Double Exposure also has the Ingrid Pitt factor on its side too. Pitt enjoys the rare distinction of being one of the few actresses with a ‘sex symbol’ reputation who didn’t get cast in The Adventurer as Gene’s love interest. Instead, she gets to sink her teeth into a femme fatale role, with Donald Houston’s wimpy, nervous wreck of a character only emphasising Pitt’s cold villainy. Of course, height could have been a factor in why there is no romantic interaction between Pitt and Barry. Pitt was only 5’5’’ which is shorter than the 5’7’’ of Hungarian giantess that is Catherine Schell. However the fact that in the three scenes they have together, Pitt is seated in two of them and in their last scene, the big confrontation between Gene and Hummingbird, neither are seen in the same shot, tends to suggest Pitt had fallen foul of Gene’s phobia of acting alongside tall women.

For someone who almost exclusively gravitated towards playing good guys, Gene appears to relish the rare opportunity to indulge in some onscreen villainy here, even if it is put on villainy. Playing two roles does seem to have given Gene his mojo back, he is positively hyperactive in this episode, running around Amsterdam airport with a gun and a bald cap on and putting the willies up poor Donald Houston. In his ‘hitman’ disguise, Gene cuts a genuinely mean and menacing figure, with a look that unintentionally anticipates the ‘what would you look like bald and unshaven’ face warping phone apps of today. To prove my point –and to also prove I have too much time on my hands-, here is what Gene looks like in this episode, and here is what the photo of Gene on the cover of ‘Gene Barry Sings of Love and Things’ looks like after being run through such an app.




….and since I can’t resist cashing in on the current craze for ‘what would you look like as a woman’ face warps…here fellas, is the fox you’ve been waiting for…Miss Jean Barry

 



Presumably playing two roles put Gene in such a generous mood that he even allows his co-stars to do something in this episode. Garrick Hagan, the longest suffering…sorry serving...actor to play the “didn’t you used to be Stuart Damon” role, gets to futz around with some Bond-esque gadgetry on the roofs of Amsterdam. Even the Hungarian giantess has something to do, crashing into Ingrid Pitt’s car and distracting her while Garrick uses some kind of magic ink to erase Jan’s signature from a number of business papers.
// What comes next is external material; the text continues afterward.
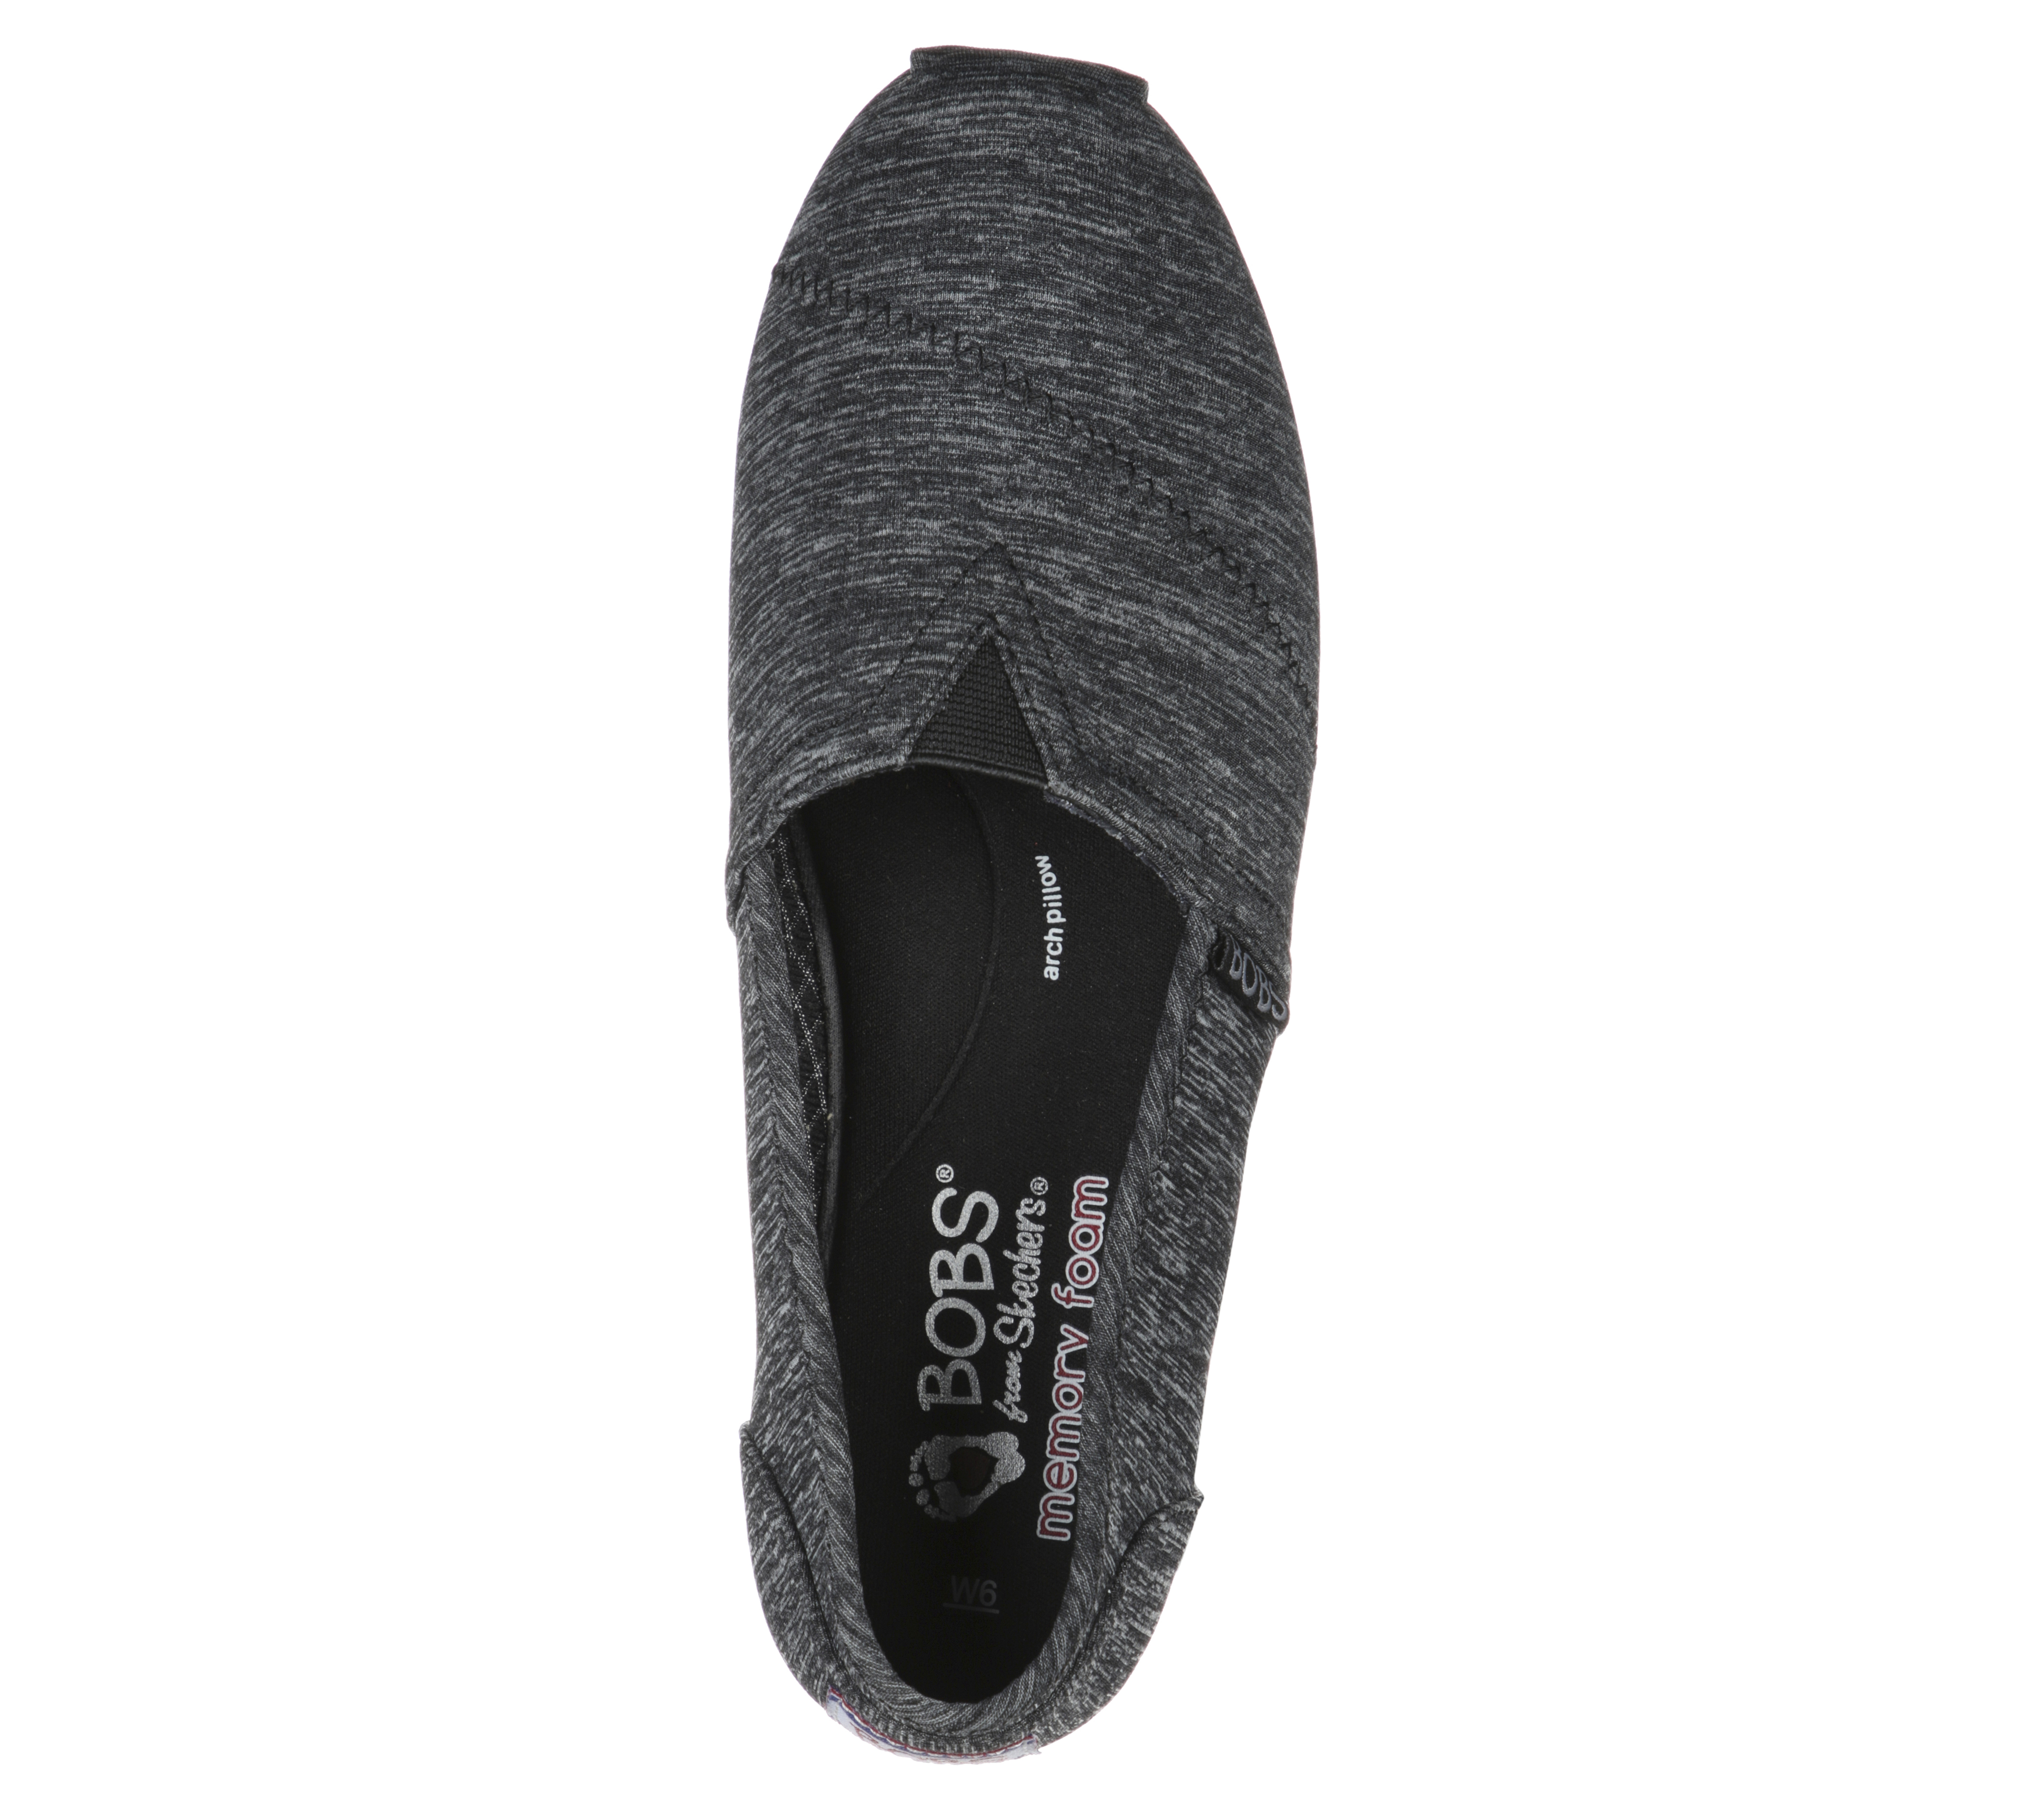 skechers bobs plush express yourself

A subplot that even the episode itself fesses up to being utterly pointless. So much goes on in Double Exposure that it nearly forgets to flatter Gene. A situation rectified in the last scene, where Frank/Fake Gene (who you’ll be unsurprised to learn shares Gene’s taste in trousers) marvels at Gene’s ability to pull the birds. Yes, men might look like Gene, they might even wear the same trousers as Gene, but there can be no bigger babe magnet than Gene himself… accept no substitute, ladies.